Answering an objection about theonomy

The following is from author Peter Otajian.

Dear Friends,

As you know, I am far from being an expert in theonomy and Christian Reconstruction and still have much to learn and grow before I ever catch up to many of you. Ergo, I request your help in answering the objections of one of my Deacon friends from my church to whom I emailed Rev. Paul M. Raymond’s sermon on:

The Biblical View of Culture and Social Theory 11.

http://www.sermonaudio.com/sermoninfo.asp?SID=129072330332

Below is my good Deacon friend’s response:

Hi Peter,

Thanks for the sermon audio – it is a polemical sermon and includes a swipe at the amillennialist position. I am sympathetic to the frustrations and concerns, but overall I think there is need for greater exegesis from Scripture to be convincing. Also he appeals to section 23 of the WCF, but I do not think that the WCF as a whole supports Theonomy and Reconstructionism (see WCF sect. 19.4).

Friends,

I truly appreciate all of your time and consideration in answering this serious objection if you can. It should be very educational to all of us and it will buttress and re-enforce us in what we believe.

Your comrade in Christ,

- Peter

It’s an ironic position to take that England, Scotland and America were not theonomic and Reconstructionist in the mid-1600s when the Westminster Confession of Faith (WCF) was adopted.

For some hard data on this, I’d recommend Iain Murray’s The Puritan Hope. The fact is that not all Puritans and Presbyterians were postmillennial. In fact, that term did not exist then. There was no distinction between amillennialism and postmillenialism until later. Premillennialism existed on the fringes, but was viewed as aberrant. The so-called “Fifth Monarchy Men” were akin to the modern “end-times” prophets. The problems they caused served as a lesson for us today. However, Murray does a good job showing that what we now call “postmillennialism” was the dominant eschatological view among those who adopted the Westminster Confession. It was the “Puritan Hope.”

In addition to the solid optimistic eschatological outlook among the Puritans and Presbyterians, theonomy was the order of the day. If you read John Knox’s interviews with Mary Queen of Scots in The Reformation of Scotland they both appealed directly to the Bible in their arguments about civil policy.

When John Knox, a student of John Calvin, defended Protestantism in the court of Mary Queen of Scots he did not shrink back from the binding nature of the Law of God. He even openly proclaimed in these debates that the death penalty should be carried out in accordance with the prescribed biblical sanctions. These debates demonstrate conclusively that Knox was a theonomist in the sense that he believed in the continuing binding validity of Old Testament penal sanctions.

Knox wrote:

This we have not by profane writers only; but the Holy Spirit taught us this infallible truth, that where iniquity reigns in a commonwealth, and none is found boldly and openly to reprehend the same, that there shall sudden vengeance and destruction follow.

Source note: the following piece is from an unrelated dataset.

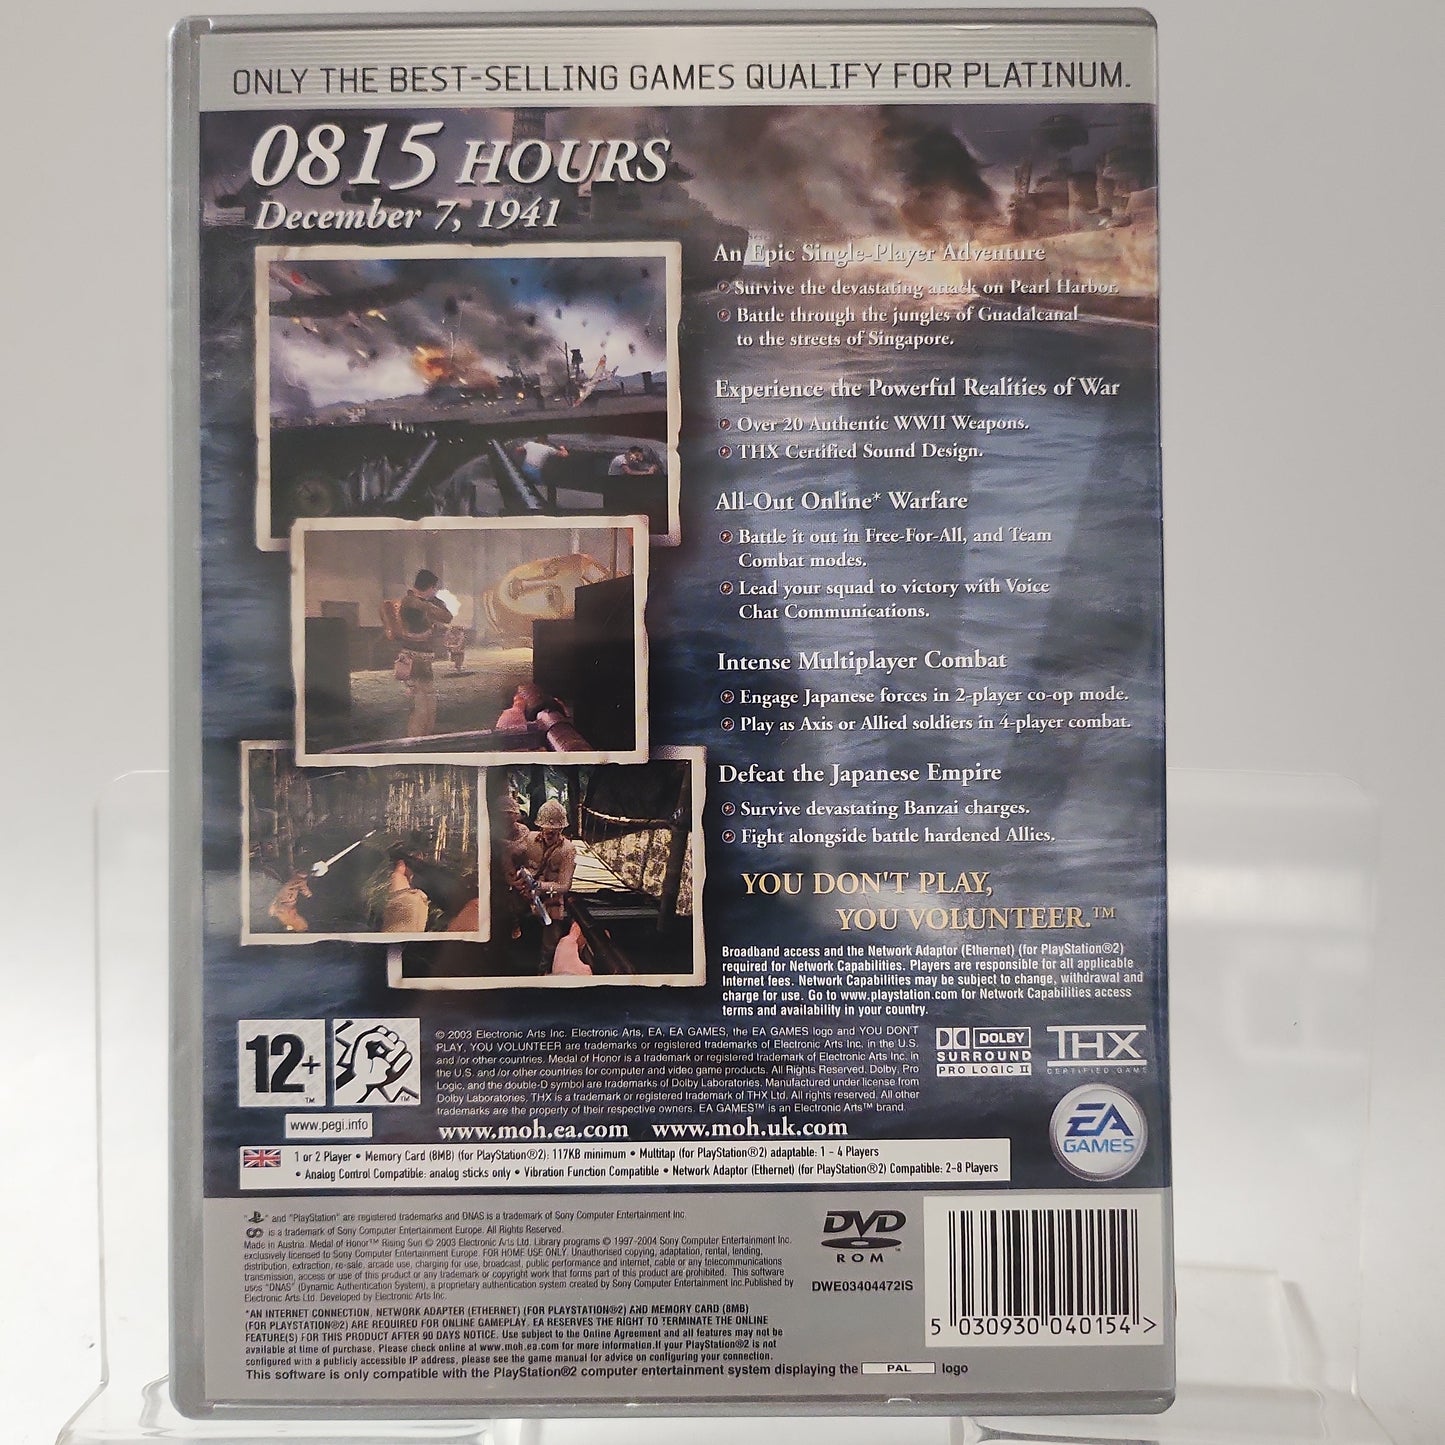 Medal of Honor Rising Sun Platinum (No Book) PlayStation 2

Knox then quotes from Ezekiel 22, and says that the moral Law of God, as reiterated by the prophet, is for every nation.

Advert, madam, for these are not the words of mortal man, but of the eternal God, and were not spoken against Jerusalem only, but against every realm and nation that so offends.

In the 16th and 17th centuries, the Bible shaped civil law either by direct application or by principle. Whether Puritan, Presbyterian, Anglican or Roman Catholic, biblical law formed the basis for determining the civil law. When Henry VIII wanted to divorce Catherine of Aragorn he appealed to the prohibition against marriage to his now deceased brother’s wife, which was forced on Arthur and then Henry when they were still youths in order to secure an alliance between Spain and England.

Thou shalt not uncover the nakedness of thy brother’s wife: it is thy brother’s nakedness (Leviticus 18:16).

Here was the question posed to the Catholic Church: Since Arthur and Catherine did not have sexual relations during their brief marriage, did the the injunction of Leviticus still apply? Catherine claimed the marriage was never consummated and therefore the marriage to Henry was legitimate.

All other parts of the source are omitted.